COLLECTED MATERIAL »
☆ ☆ ☆ ☆ ☆

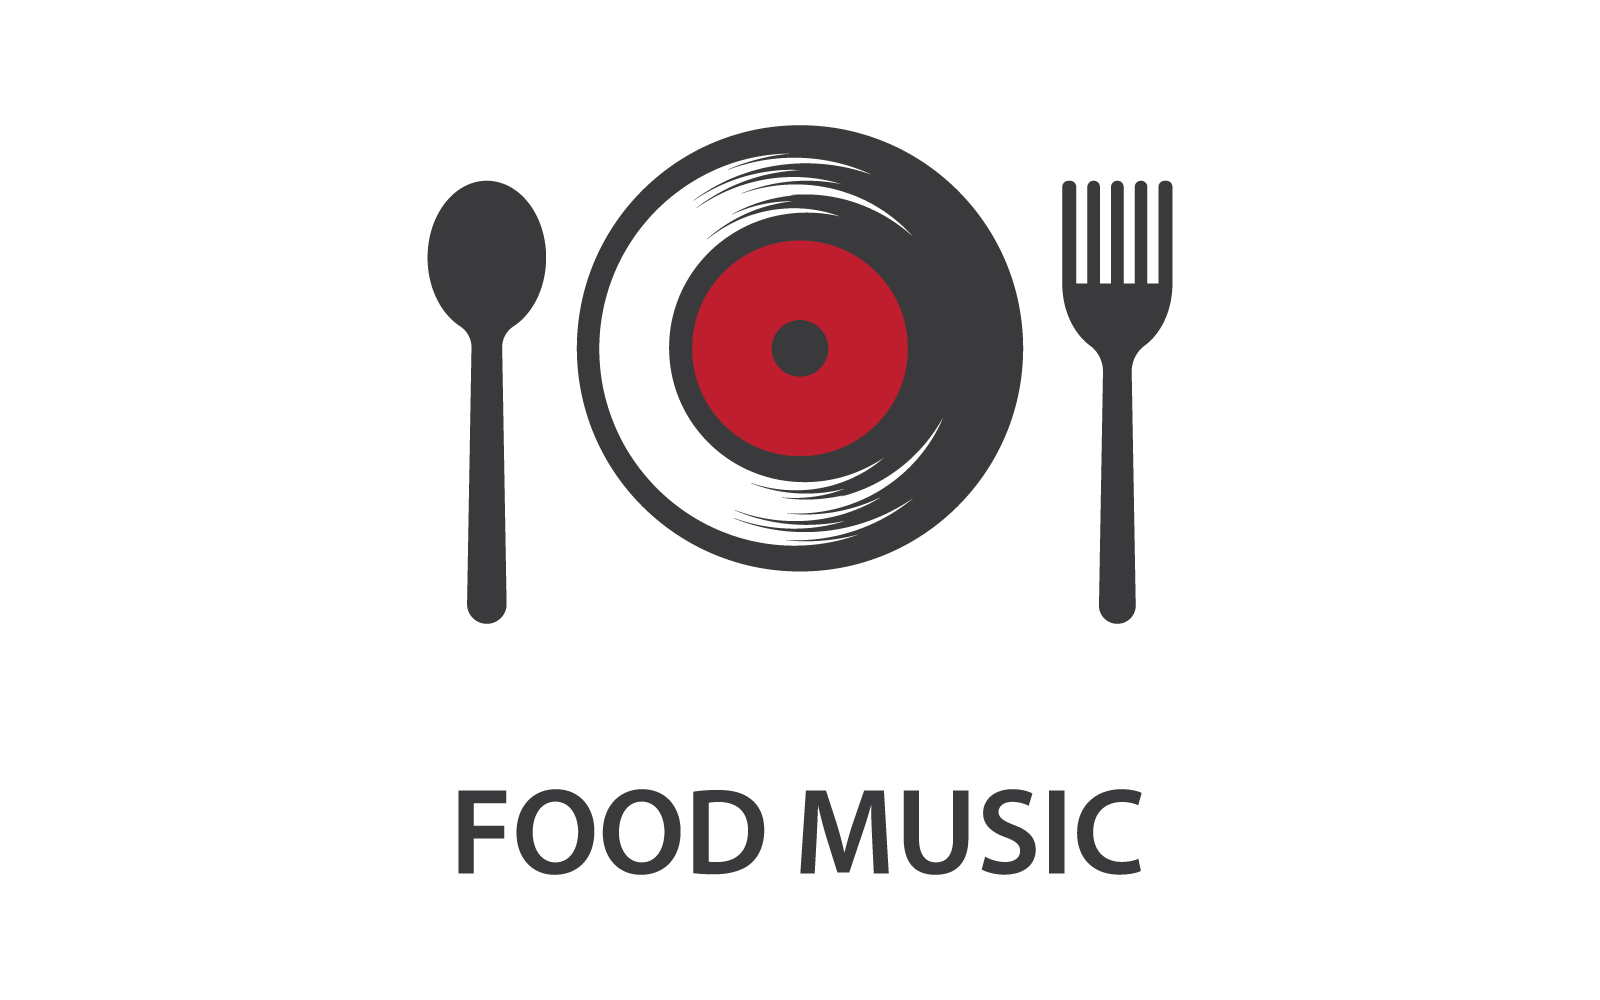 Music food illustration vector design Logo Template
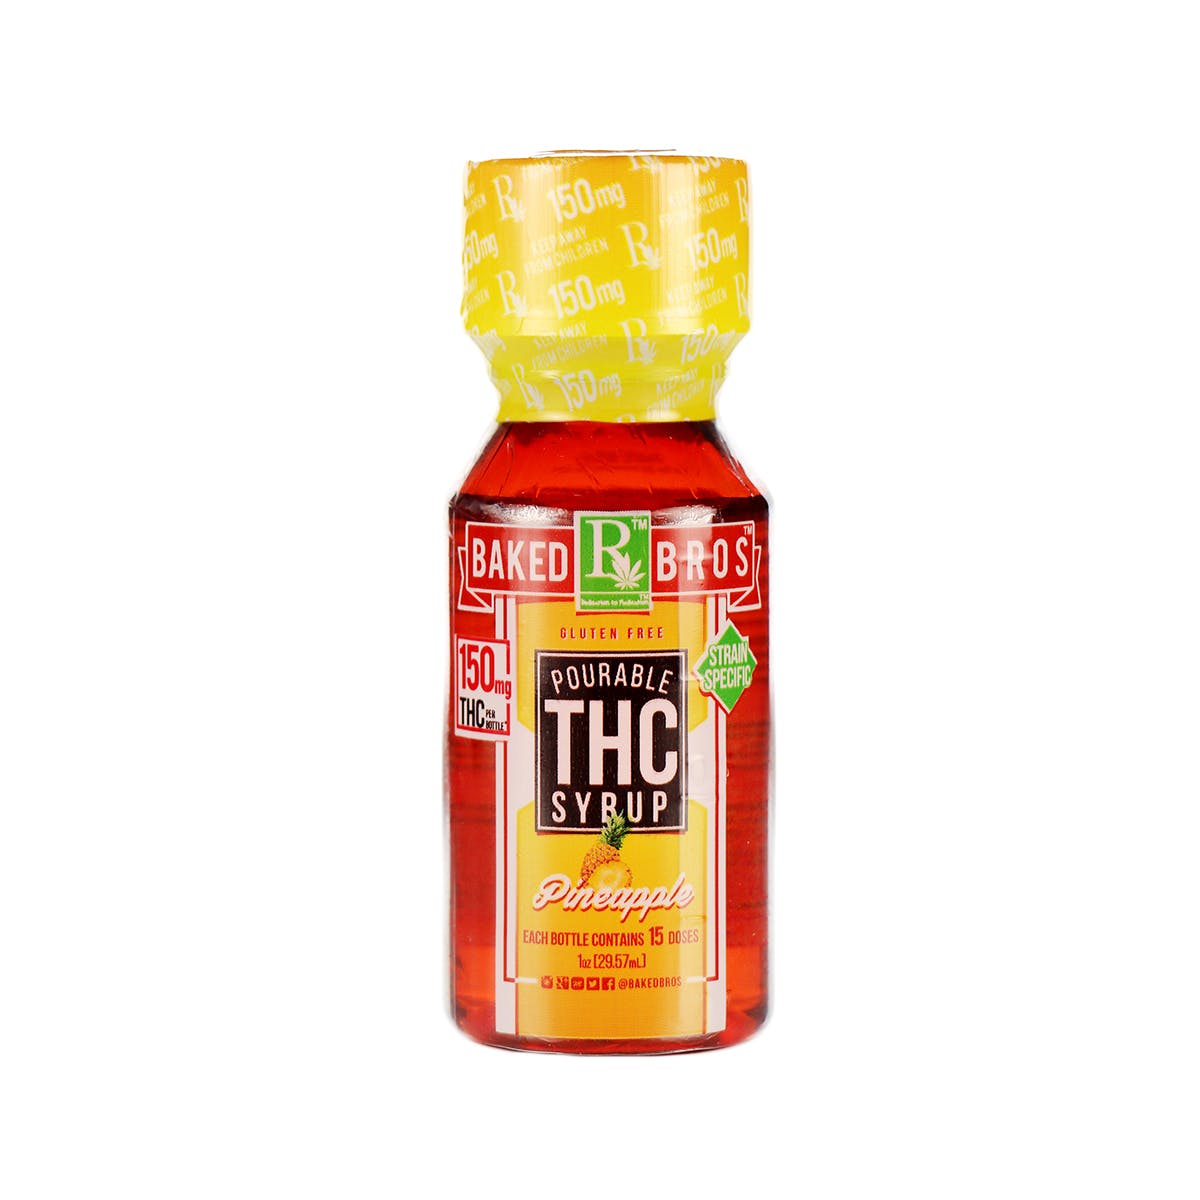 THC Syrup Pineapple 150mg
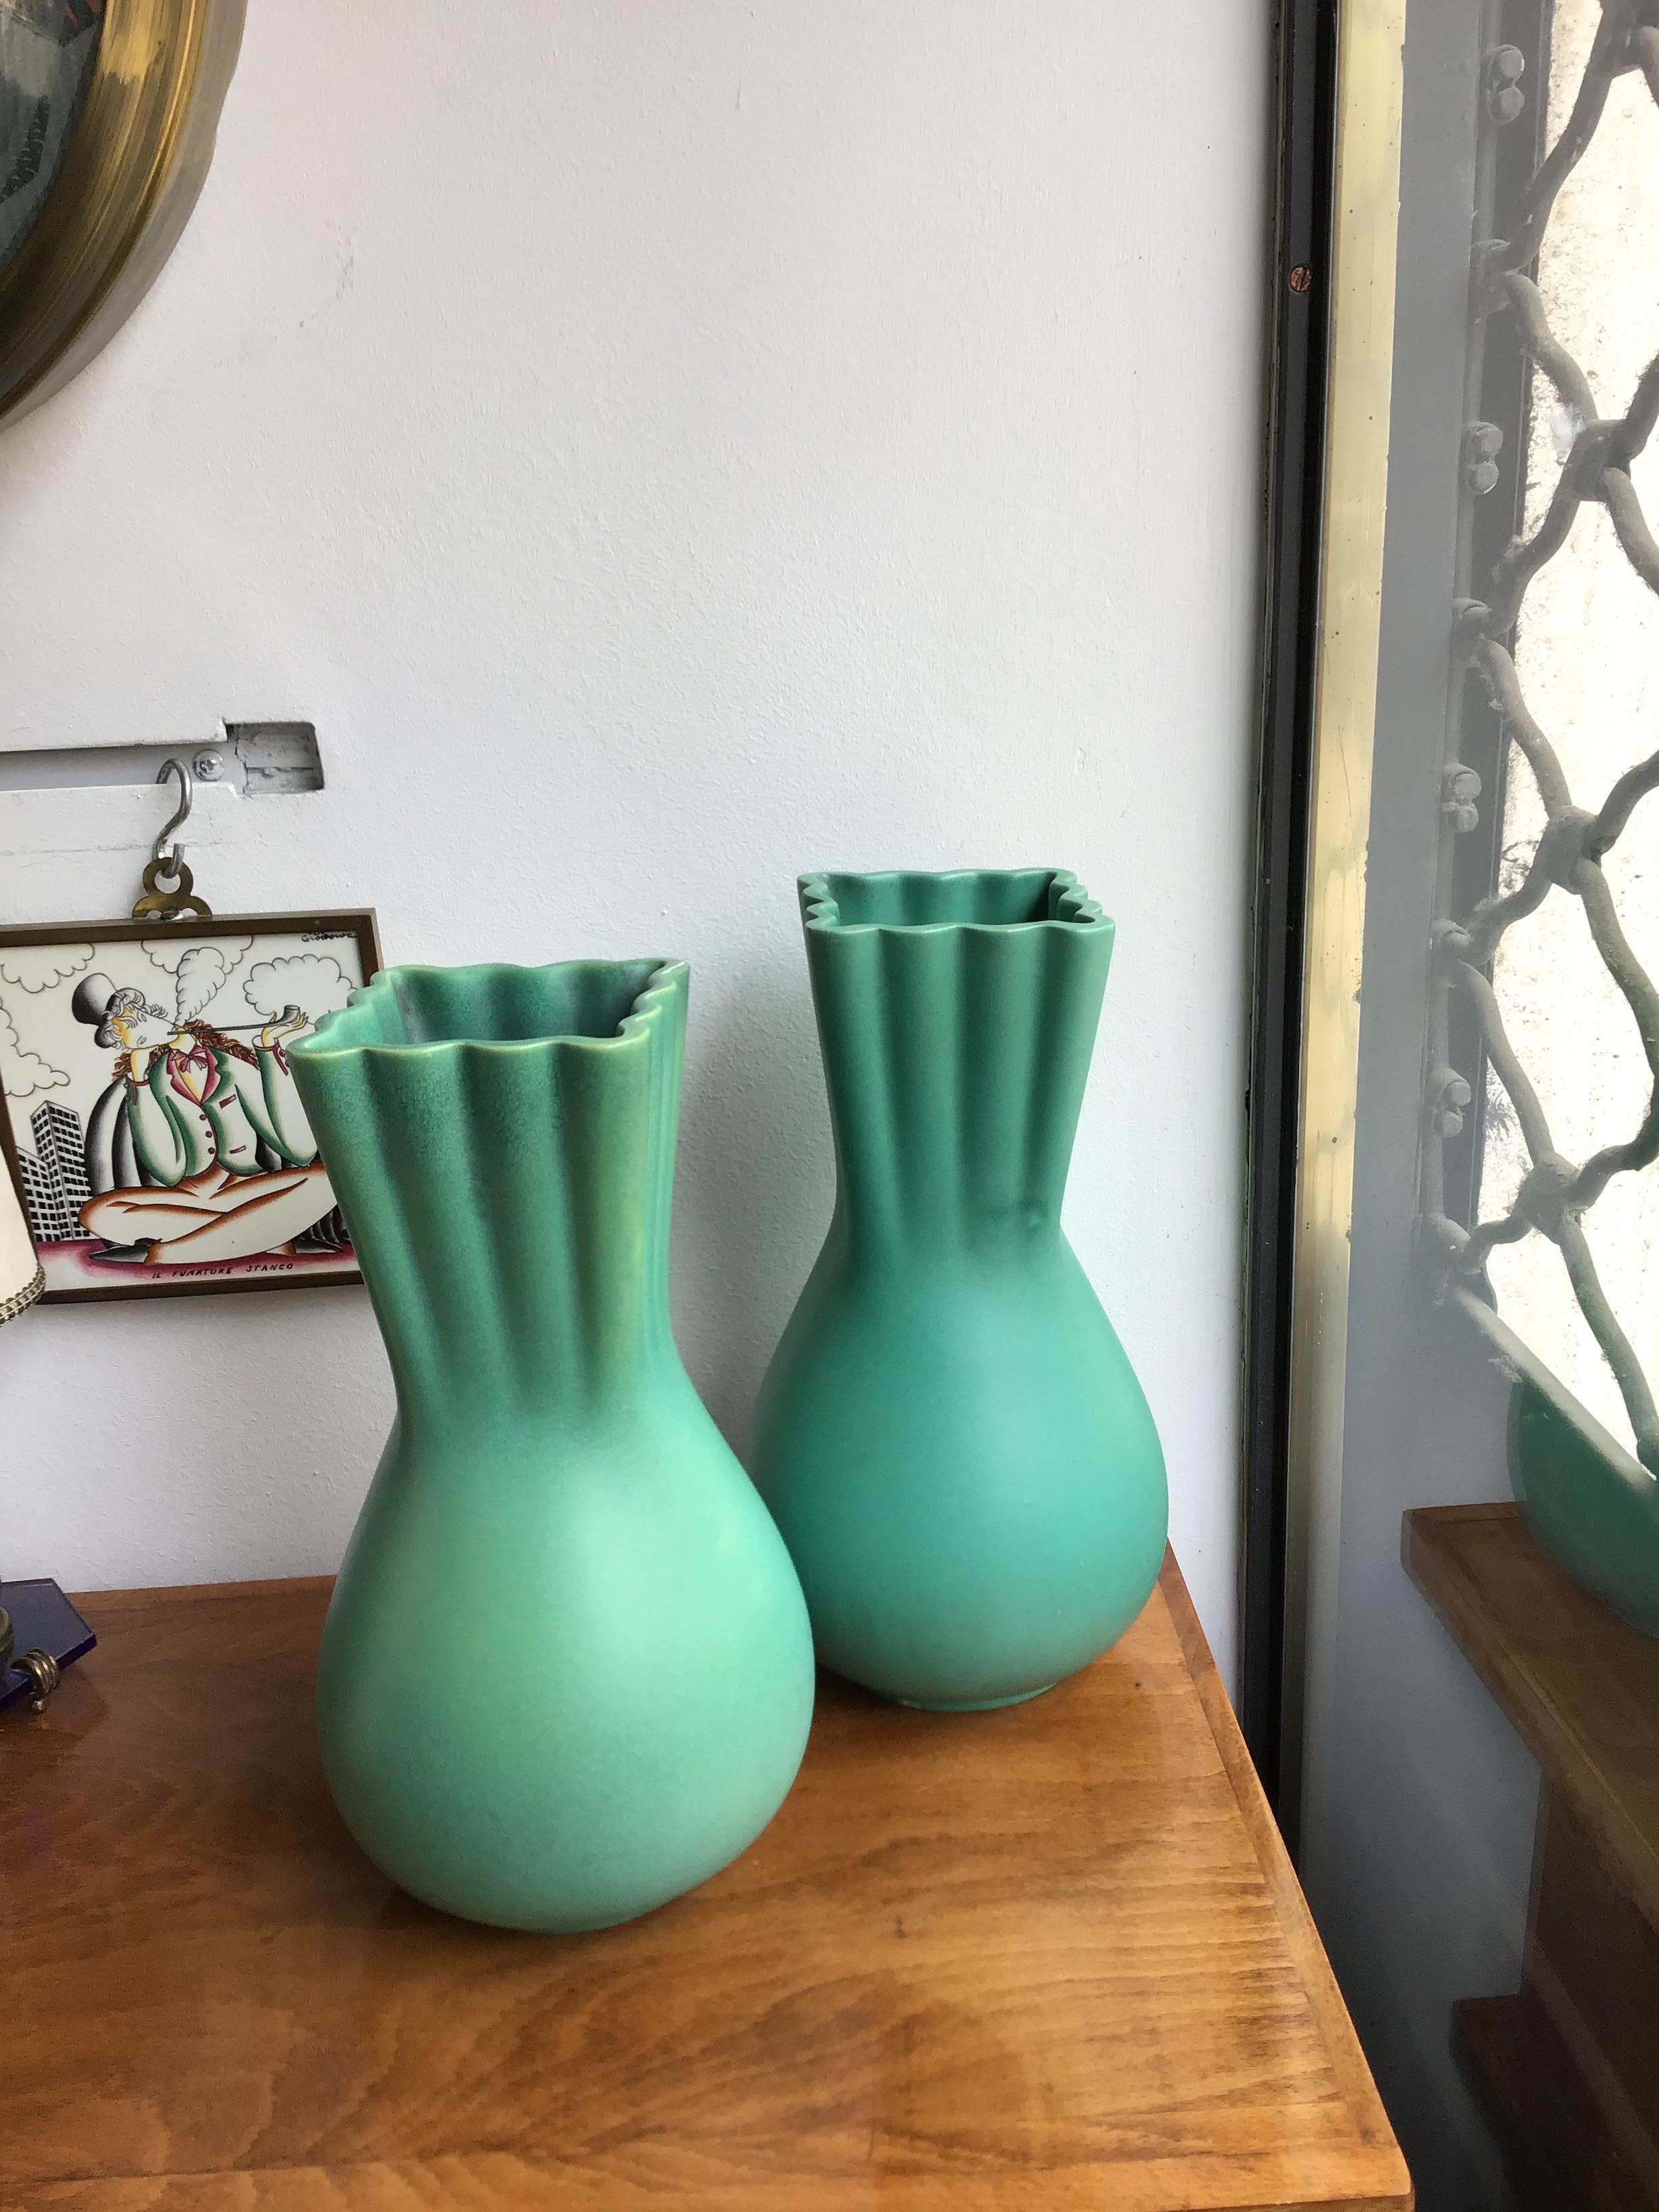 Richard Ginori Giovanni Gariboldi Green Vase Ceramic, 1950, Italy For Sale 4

☆ ☆ ☆ ☆ ☆

Excluding pictures, reproduce the listing above exactly as it stands.

TASK OUTPUT »
 Music food illustration vector design Logo Template
 THC Syrup Pineapple 150mg
 Richard Ginori Giovanni Gariboldi Green Vase Ceramic, 1950, Italy For Sale 4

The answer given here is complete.